It’s been two years since that seven overtime albatross of a Saturday night at Kyle Field yet coach Ed Orgeron still remembers it like it was yesterday. It was a game that LSU felt it had won on three, even four different occasions but when the final play was over, it was the Aggies who had squeaked out a 74-72 win.

Now, LSU returns to the scene of the crime and Orgeron stressed on Monday that putting that game and all the emotions that came with it behind them, is the most critical thing to do. 

“I thought about it this morning, to be honest with you, when I saw the film and I saw the stadium, some thoughts came by,” Orgeron said. “But you know what, it’s my job to be able to prevent problems this week, have a great practice and not allow those things to happen that happened to us last time. And we’re going to have to go and play our best game.”

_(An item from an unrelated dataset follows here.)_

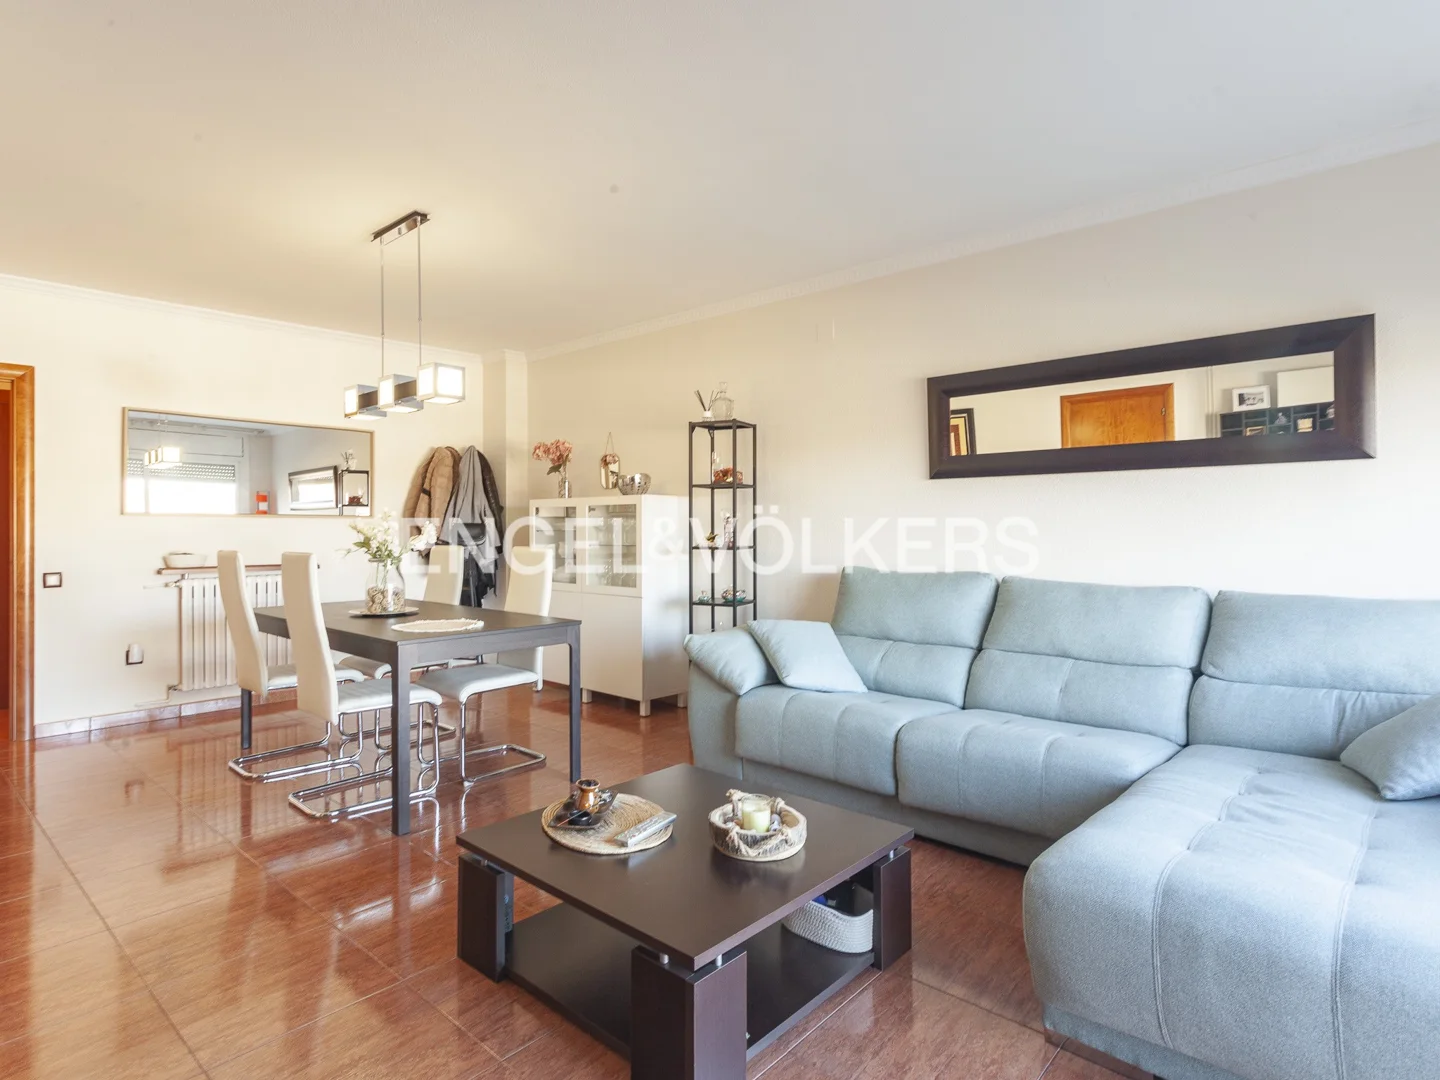 Fantastic semi-detached house in the center of Sant Quirze
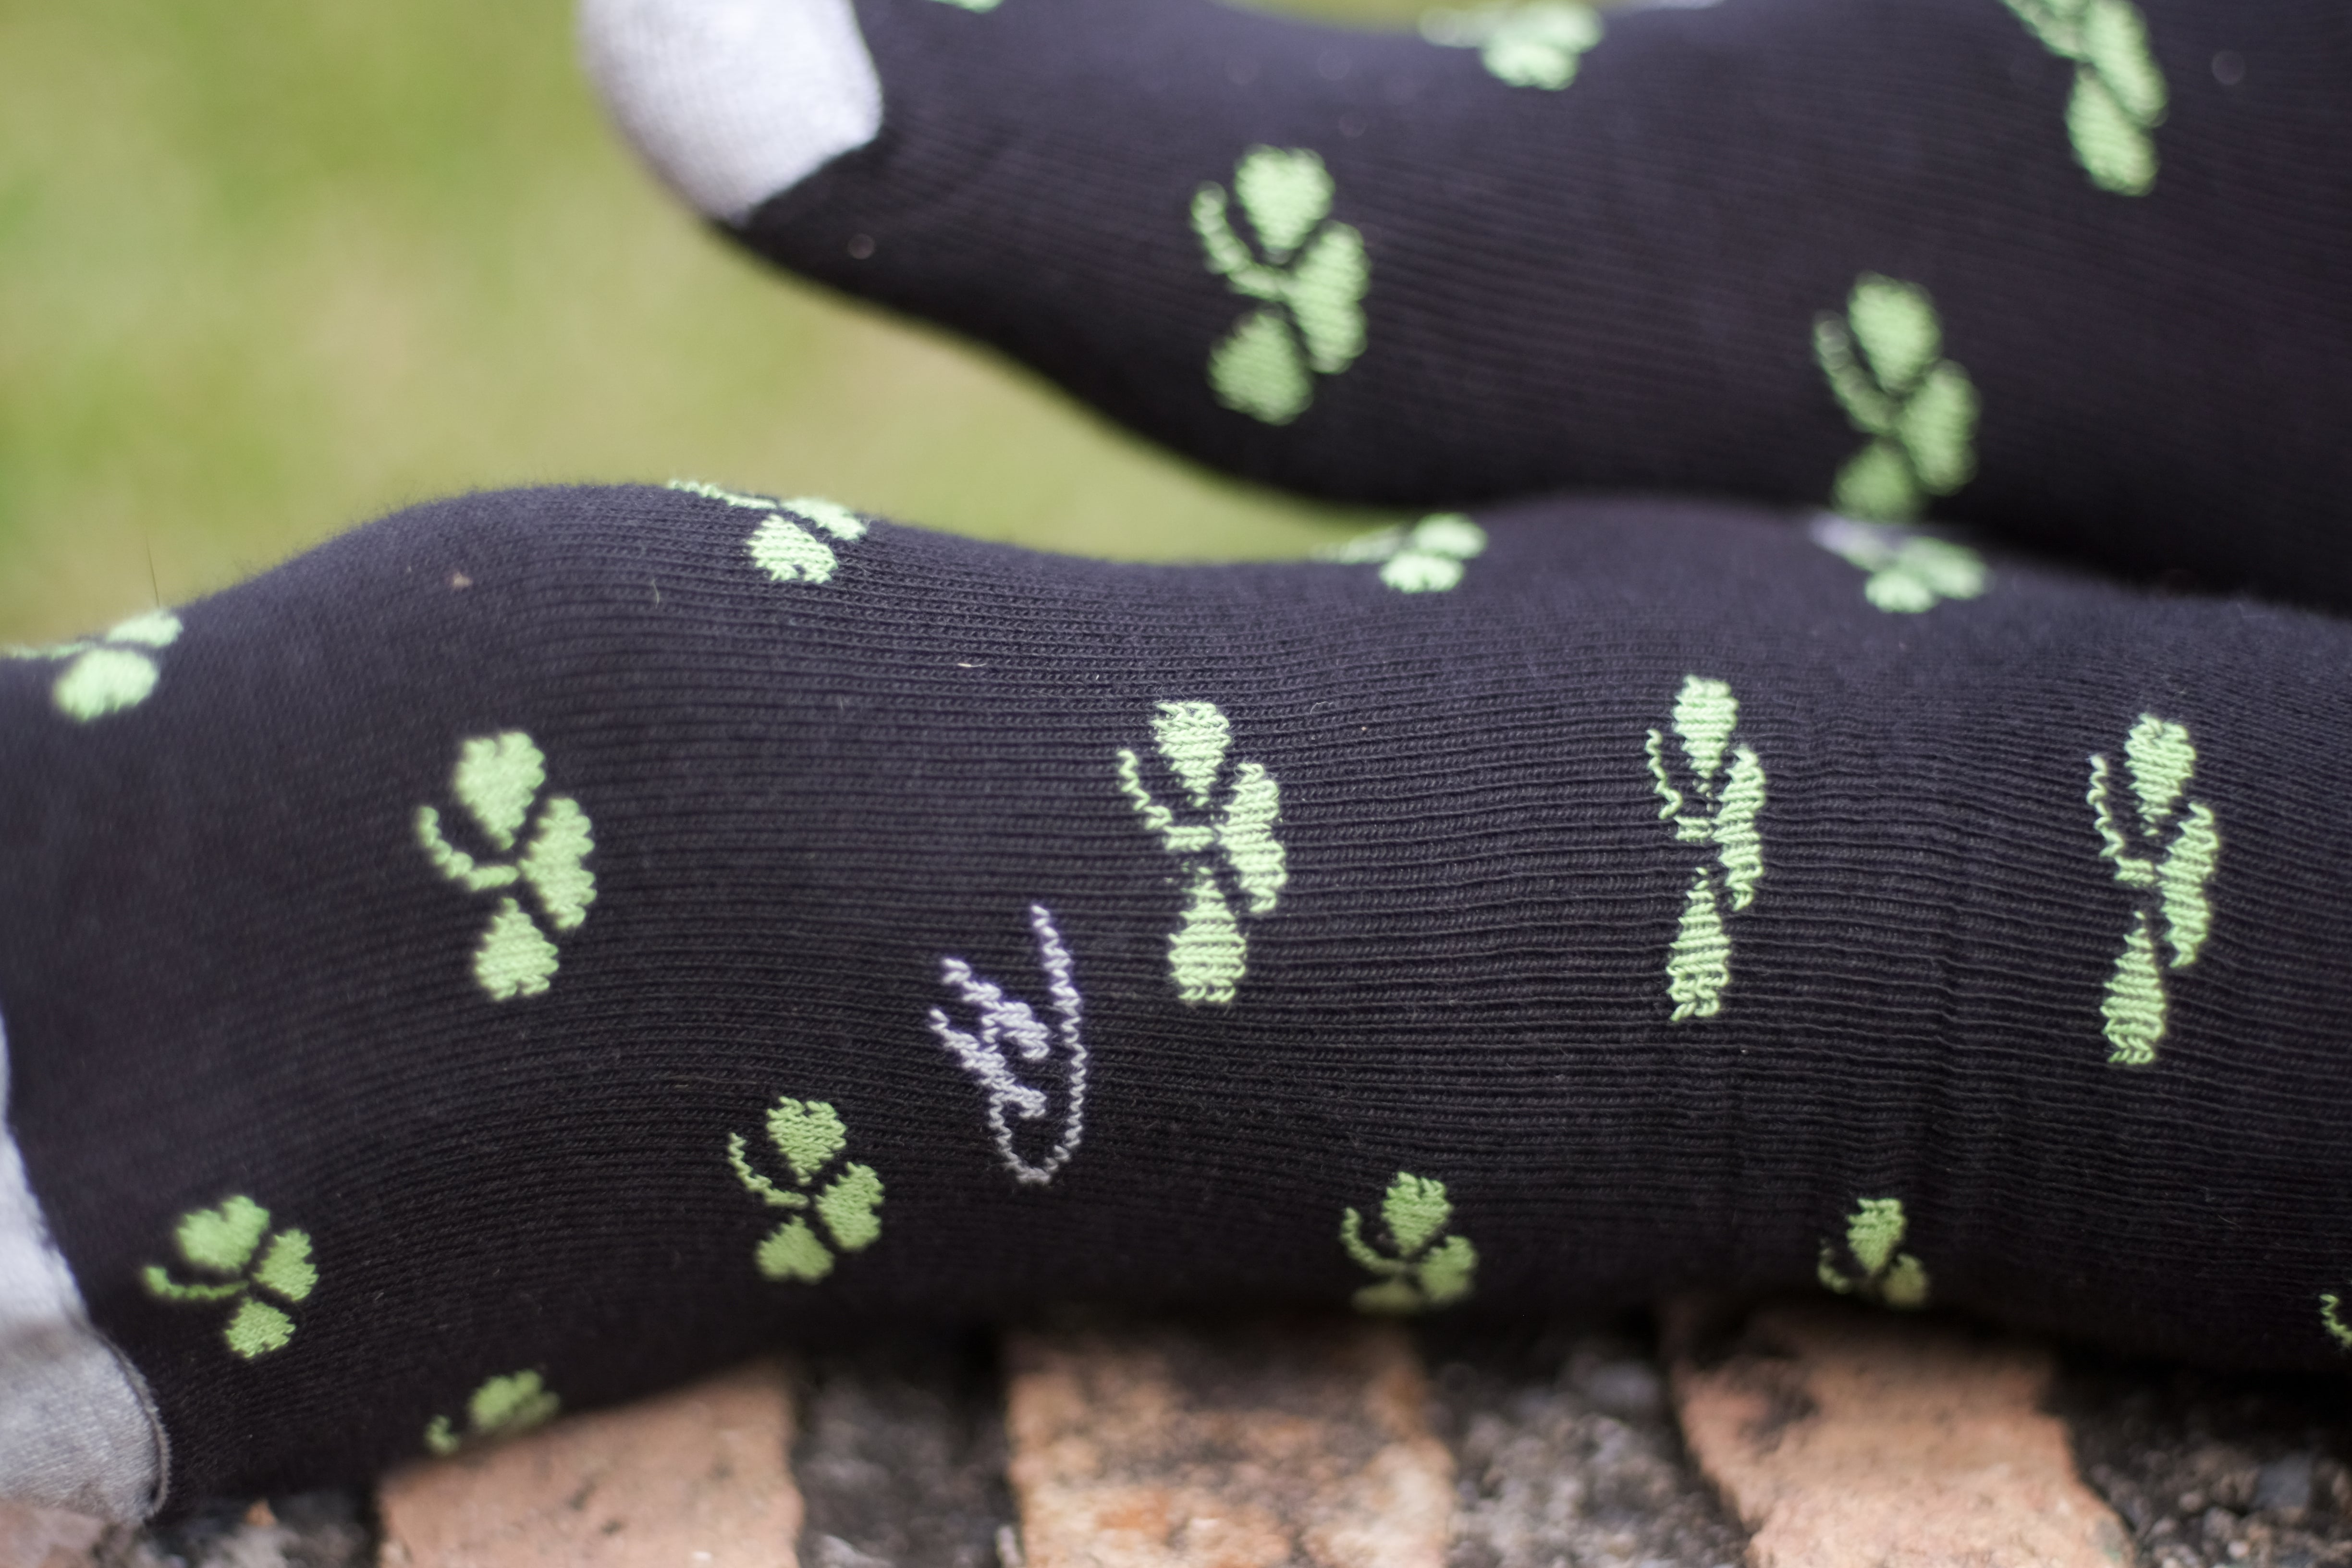 Black over the calf dress socks with green clover pattern

Orgeron and the Tigers experienced every possible emotion from joy to anger to fatigue and ultimately, dejection. LSU thought it had the game won in regulation when Texas A&M quarterback Kellen Mond threw an interception to Grant Delpit with seconds remaining, only to be called back because Mond’s leg had been down before he threw the pass.

That was just the beginning of an exhausting back and forth game that after seven overtimes, concluded with a postgame fist fight and LSU quarterback Joe Burrow passing out from exhaustion and dehydration that required an IV in the postgame locker room.

“It’s going to be on,” Orgeron said a year later. “I’ll never forget that game last year. We’re going to be ready. There was nothing we could do about the end of that game, we felt helpless.”

Wide receiver Jaray Jenkins remembers what that evening was like, even though he was watching from the sidelines the entire time. He was a redshirt freshman in 2018 and was not playing much but remembers that expression of exhaustion that he could sense on all of the players and coaches after the game. 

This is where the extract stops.